■ **Task to carry out**:
Drop all images. Then write out each line below exactly as given.

■ **Input data**:
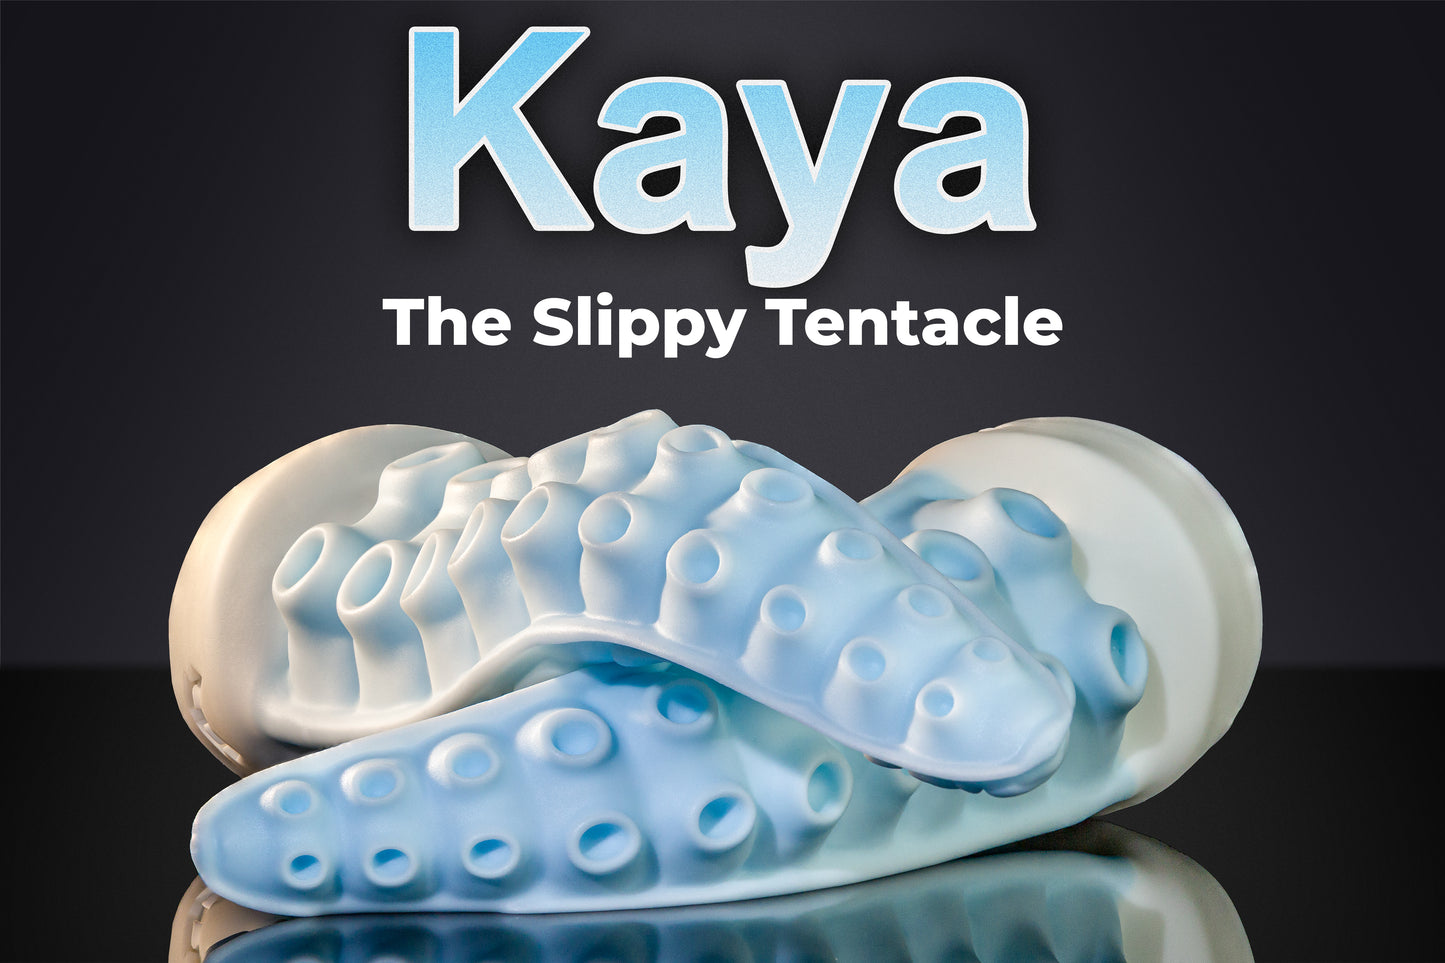 kaya the slippy tentacle product image with product name
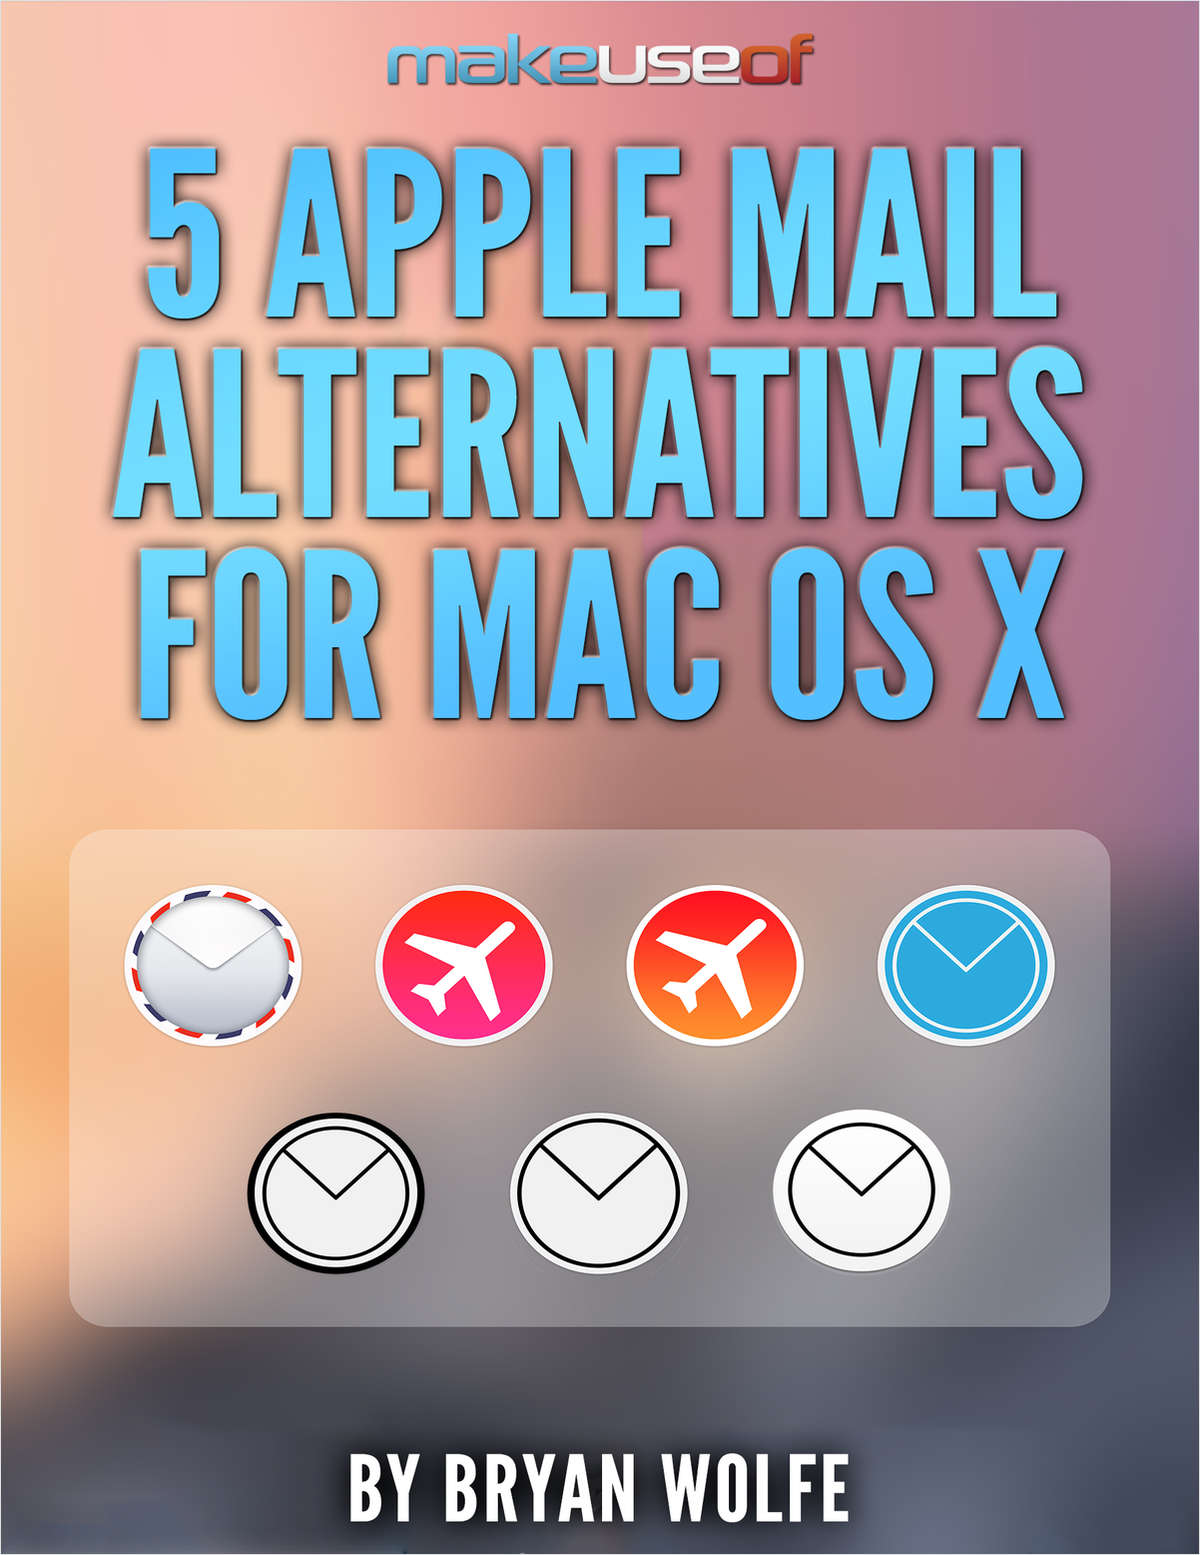 5 Apple Mail Alternatives for Mac OS X
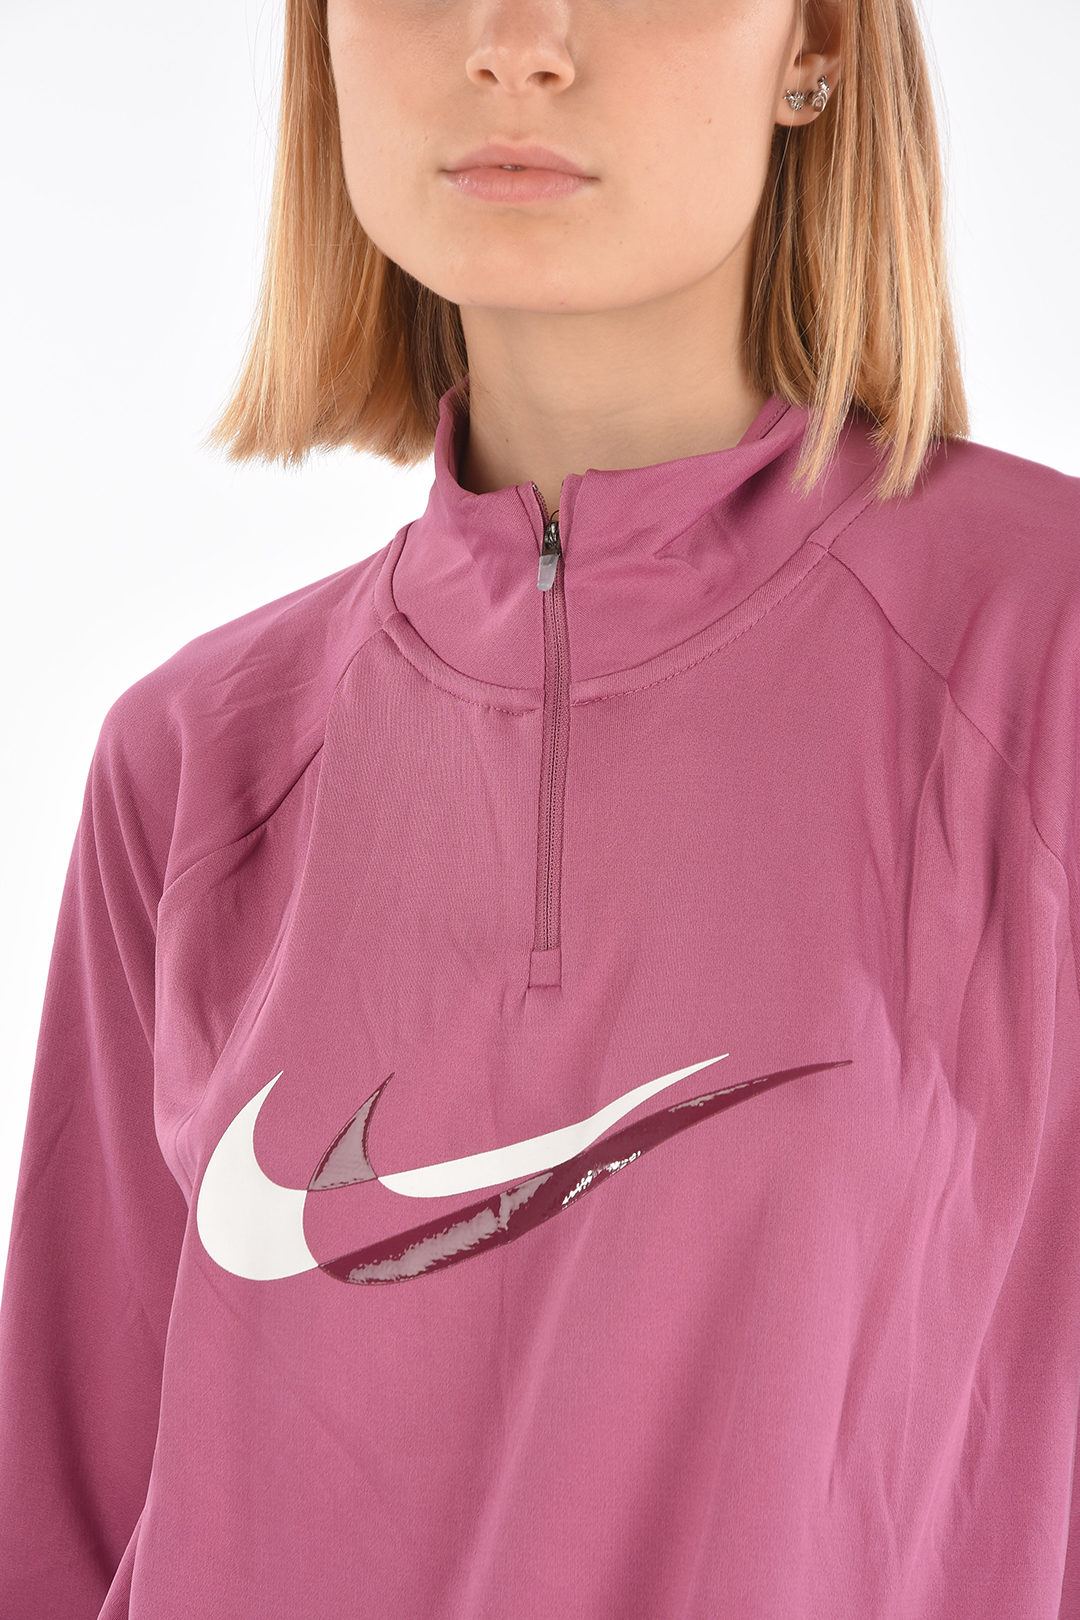 Nike Felpa Dry Fit a Collo Alto donna - Outlet

■ **Response to the exercise**:
 kaya the slippy tentacle product image with product name
 5 Apple Mail Alternatives for Mac OS X
 Nike Felpa Dry Fit a Collo Alto donna - Outlet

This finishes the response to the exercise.